„Ist es nur noch eine Frage der Zeit, bis wir uns Unbeschwertheit nicht mehr leisten können oder wollen?“

Es hatte etwas Erschreckendes, wenn man es sehen wollte: So viel Polizei, so viel Sicherheit war noch nie beim Braunschweiger Karnevals-Umzug Schoduvel, der am Sonntag 150 000 Menschen anlockte. Mit Maschinenpistolen bewaffnete Beamte, Blockaden mit Containern und schweren Fahrzeugen, hermetische Überwachung rund um den Zug, viele Streifen inmitten der Feiernden, Polizeifahrzeuge in einer Massierung, wie man es selten sieht. Der Staat macht ernst, er muss es, ja, es war notwendig. Denn der Karnevalsumzug ist ein weiches, verletzliches Ziel. An jeder Kurve, an jedem Sammelpunkt hätte es friedlich Feiernde treffen können. Es war klar, dass der verstörende Terroranschlag auf den Berliner Weihnachtsmarkt mit einem LKW sowie etliche ähnliche Fälle weltweit nicht ohne Konsequenzen für Braunschweig und die anderen Umzüge bleiben würden. So wird es auch am heutigen Rosenmontag bei den großen Spektakeln im Westen nicht anders sein. Und wir wünschen uns nur, was wir uns am Wochenende sehnlichst auch hier bei uns gewünscht haben: dass alles friedlich über die Bühne geht. Die enormen Sicherheitsanstrengungen lassen uns den Blick auf eine Frage werfen, die im Moment nicht wenige umtreibt: Ist es nur noch eine Frage der Zeit, bis wir uns Unbeschwertheit nicht mehr leisten können oder wollen? Darauf gibt es eine klare Antwort. Gerade dann kommt es um so mehr darauf an, Flagge zu zeigen und zu bekennen, was uns wichtig ist.
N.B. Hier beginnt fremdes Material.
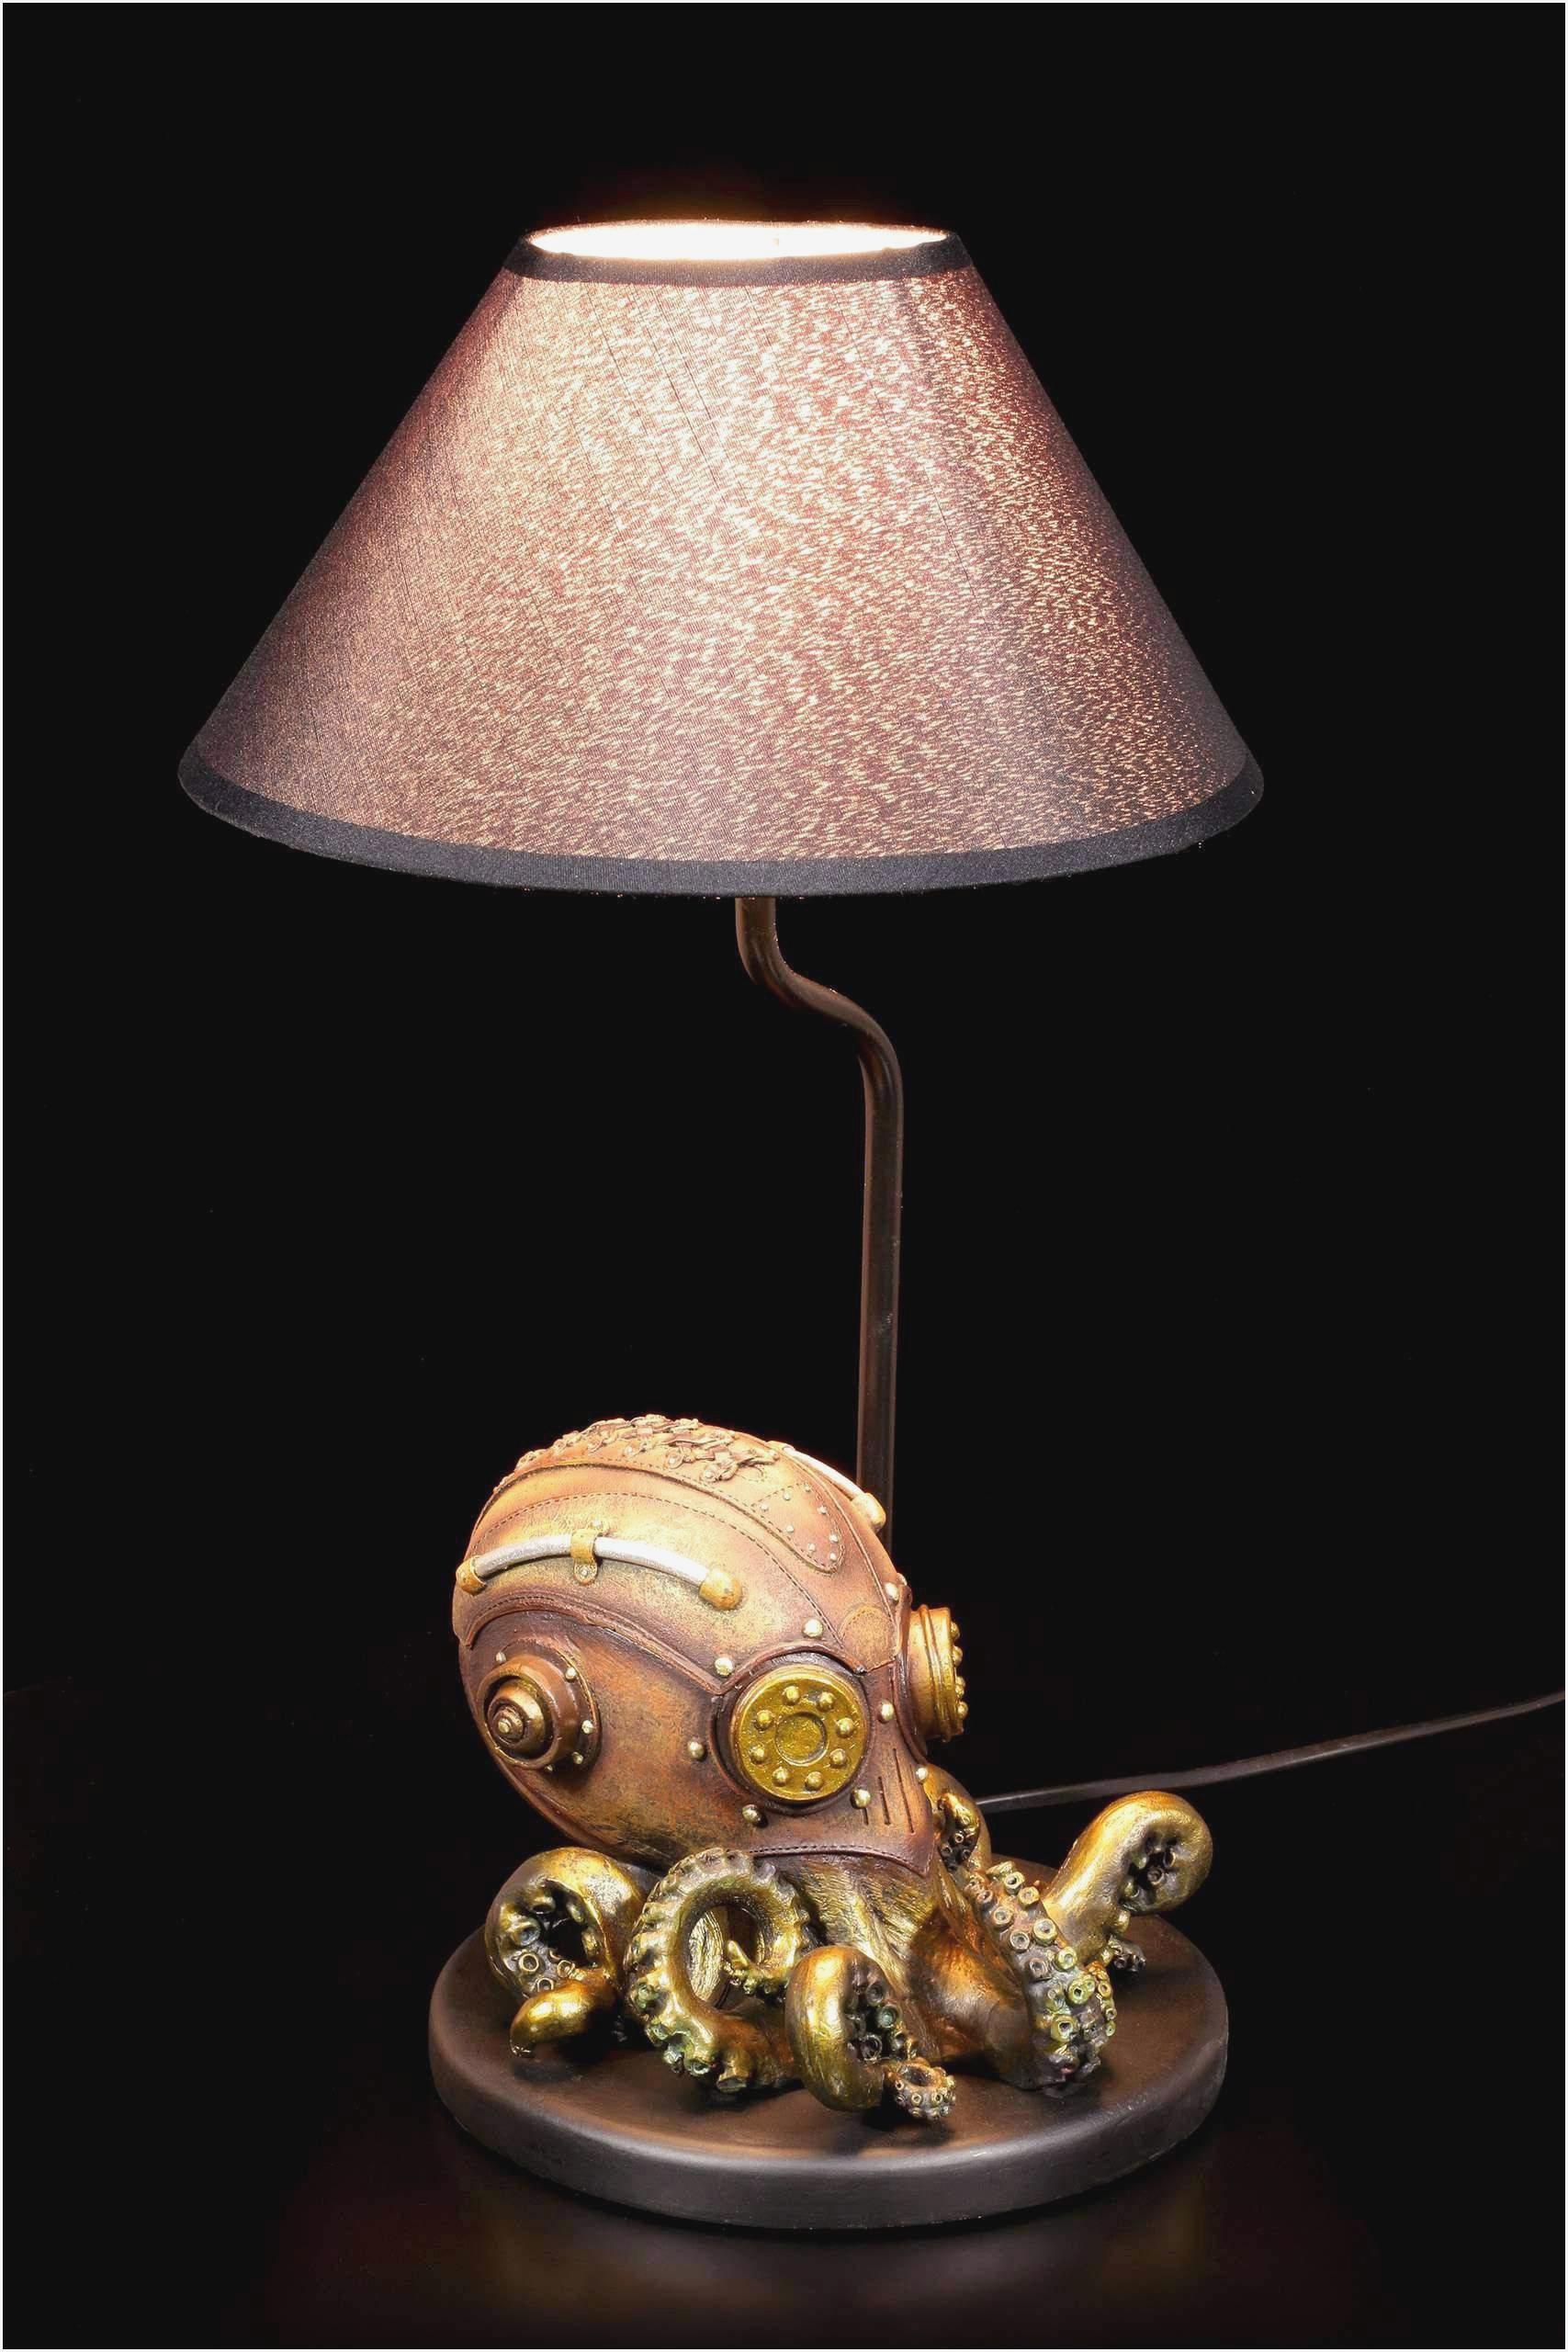 Full Size of Wohnzimmerlampen Ikea Led Wohnzimmer Lampen Gold Traumhaus Dekoration Sofa Mit Schlaffunktion Betten Bei Modulküche 160x200 Miniküche Küche Kaufen Kosten Wohnzimmer Wohnzimmerlampen Ikea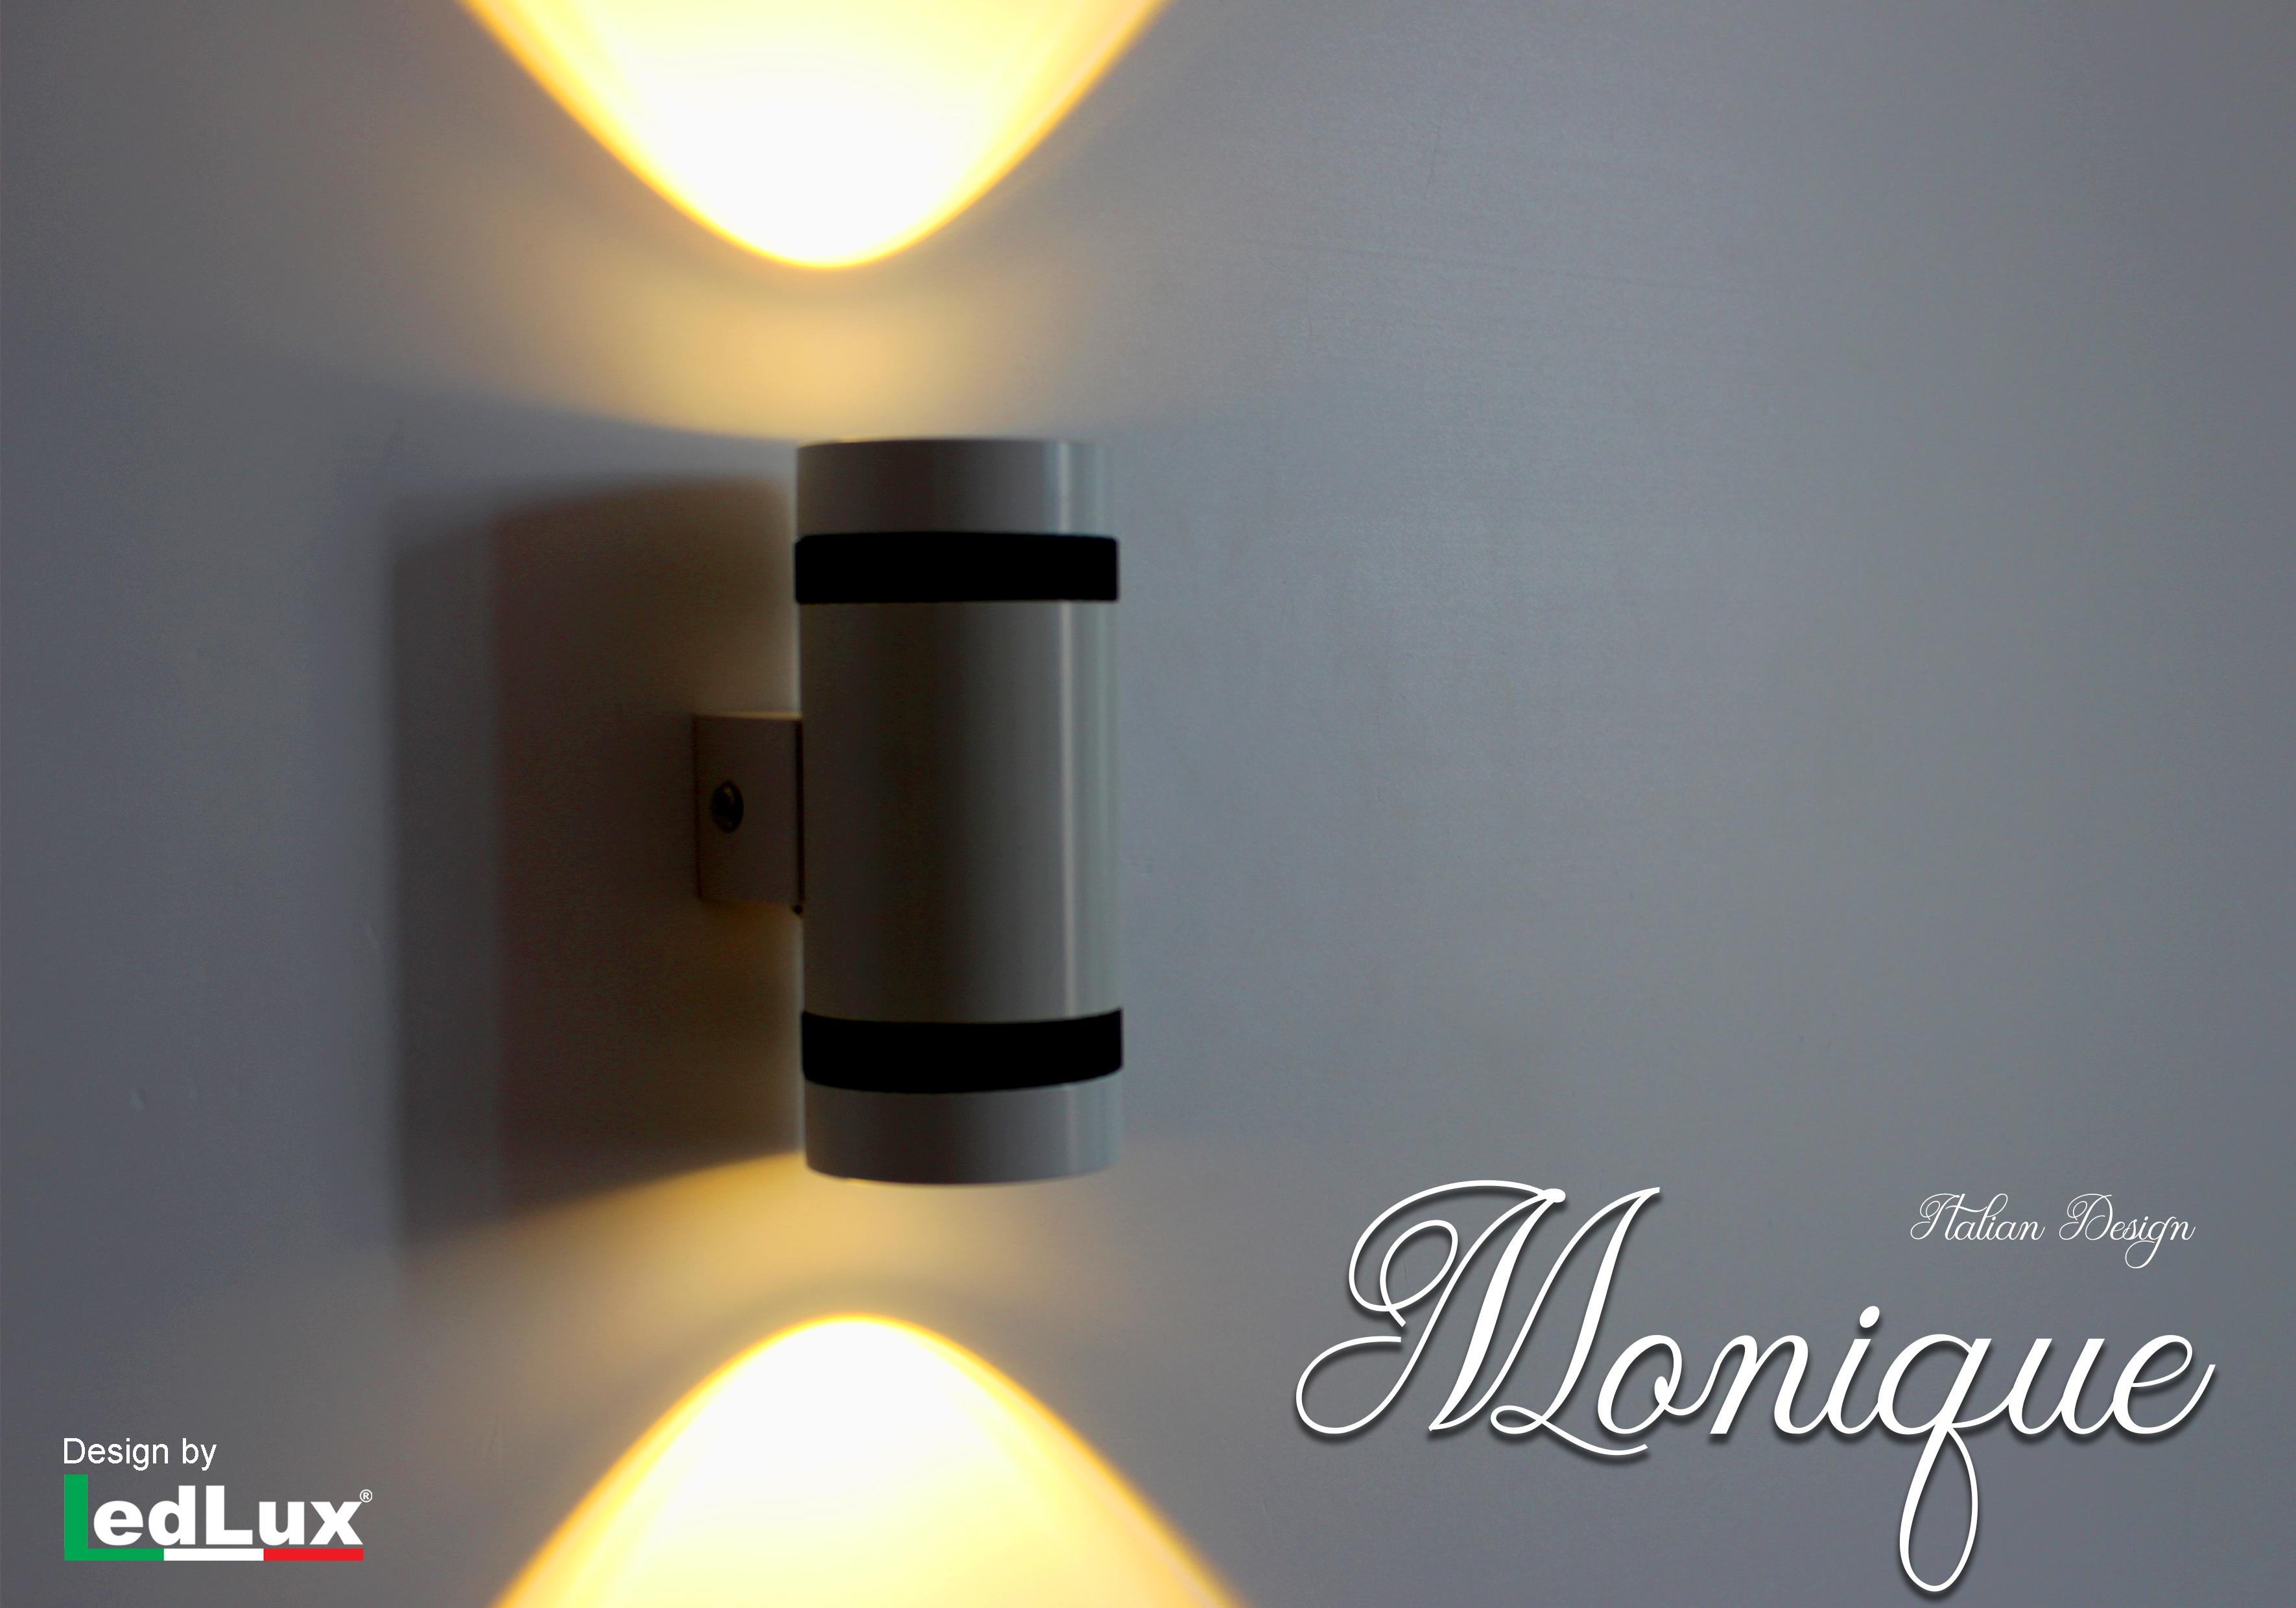 Applique Led Da Parete Modello Monique Italian Design Moderna 6W Doppio Illuminazione Bianco Caldo - PZ

Aber auch wach und aufmerksam zu sein. Wenn man das ist, kann man viel entdecken. Einerseits Anzeichen für Gefahr, die niemand verharmlosen sollte. Schließlich möchte später niemand gefragt werden: Warum hast Du das nicht verhindert? Andererseits sieht der aufmerksame Beobachter beim Schoduvel eine multikulturelle Stadt, wie wir sie uns wünschen. Eine, die gemeinsam feiert und einen uralten Brauch wiederentdeckt, den manche schon als verknöcherte Altherren-Veranstaltung abgetan hatten, der aber mittlerweile Karriere macht als Groß-Event mit Kult-Charakter. Was am schönsten zu sehen ist: Die Kinder werden mitgenommen – und oben vom Wagen erkennst du kaum Schranken oder Grenzen. Das ist eine so wertvolle Erfahrung, dass es sich lohnt, diese Freiheit zu verteidigen, wenn es nötig ist.